Debian DSA-1344-1 : iceweasel - several vulnerabilities

high Nessus Plugin ID 25852

Synopsis

The remote Debian host is missing a security-related update.

Description

Several remote vulnerabilities have been discovered in the Iceweasel web browser, an unbranded version of the Firefox browser.
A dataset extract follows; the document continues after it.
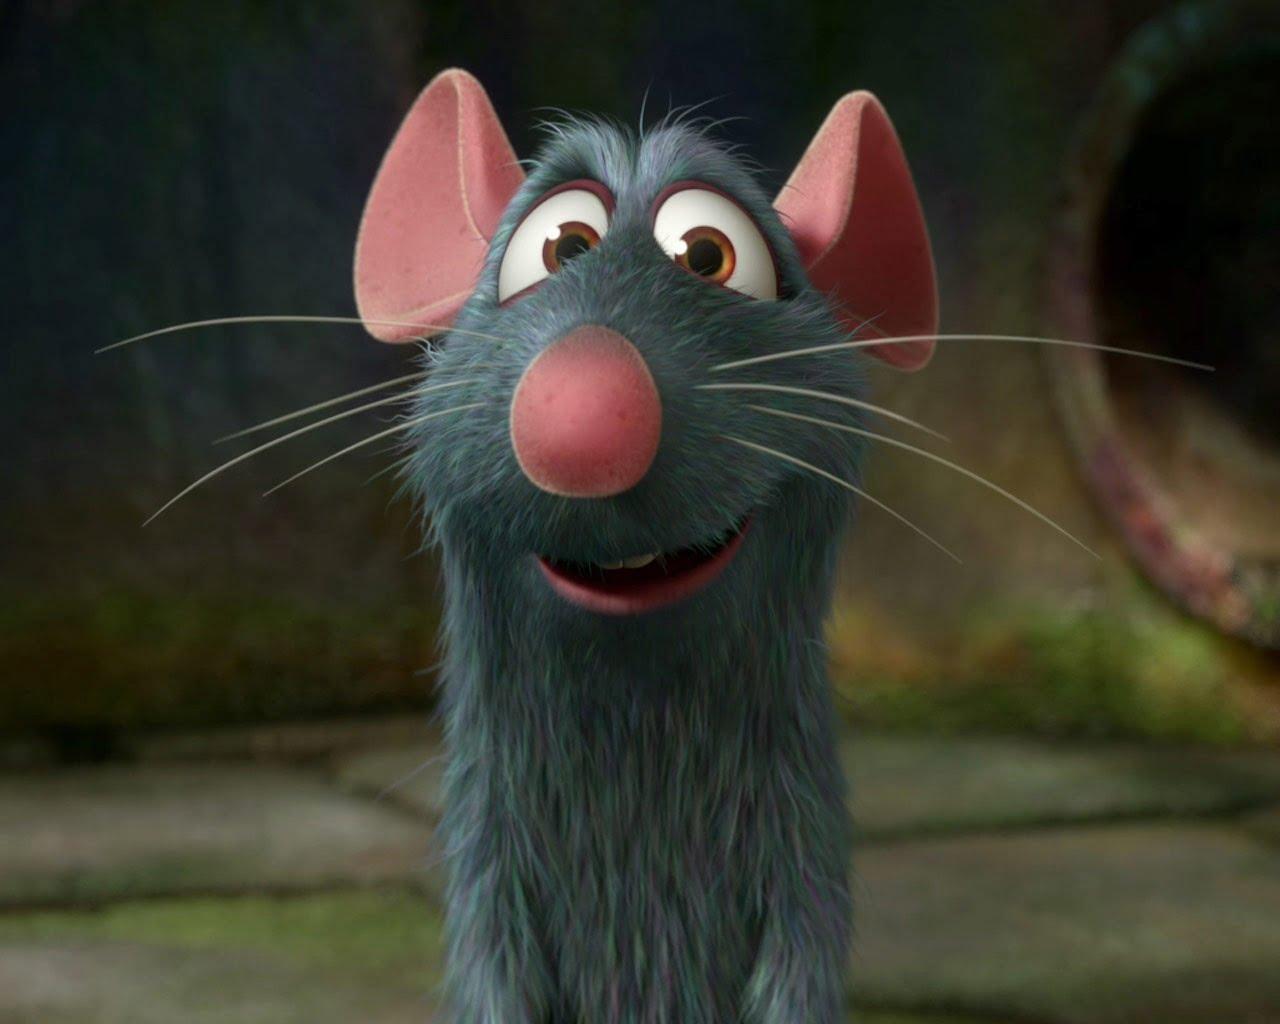 Io e la mia ossessione amore estremo per i topi wdonna
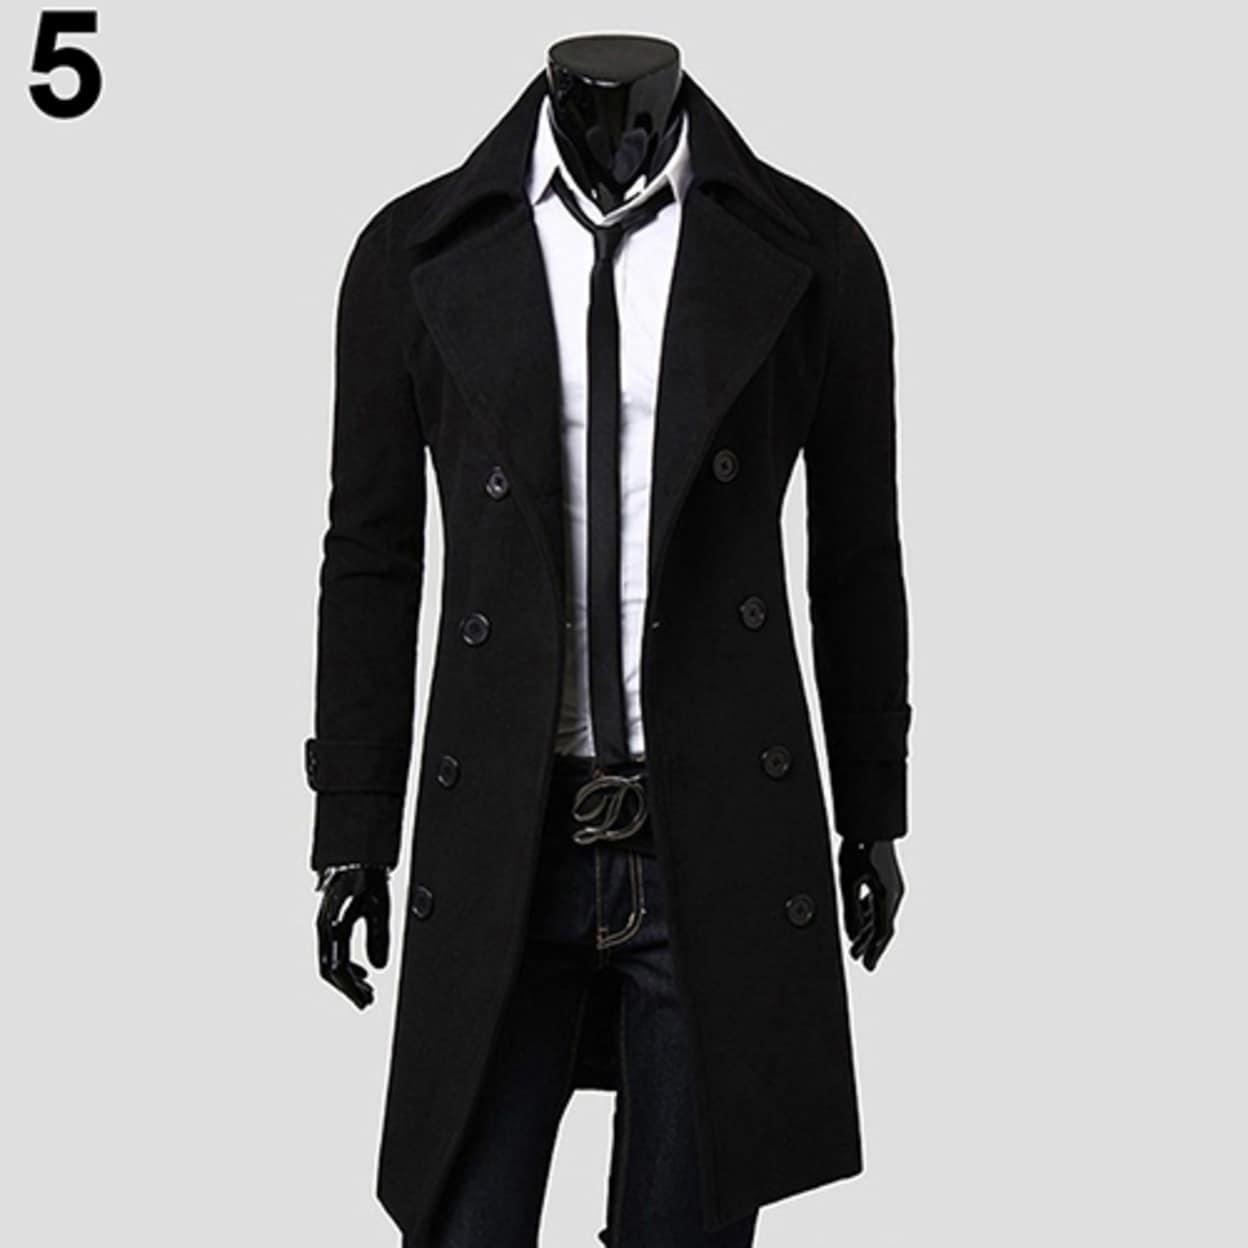 Men/'s Winter Warm Wool Trench Coat Double Breasted Overcoat Slim Jacket Outwear

The Common Vulnerabilities and Exposures project identifies the following problems :

- CVE-2007-3844 'moz_bug_r_a4' discovered that a regression in the handling of'about:blank' windows used by addons may lead to an attacker being able to modify the content of websites.

- CVE-2007-3845 Jesper Johansson discovered that missing sanitising of double-quotes and spaces in URIs passed to external programs may allow an attacker to pass arbitrary arguments to the helper program if the user is tricked into opening a malformed web page.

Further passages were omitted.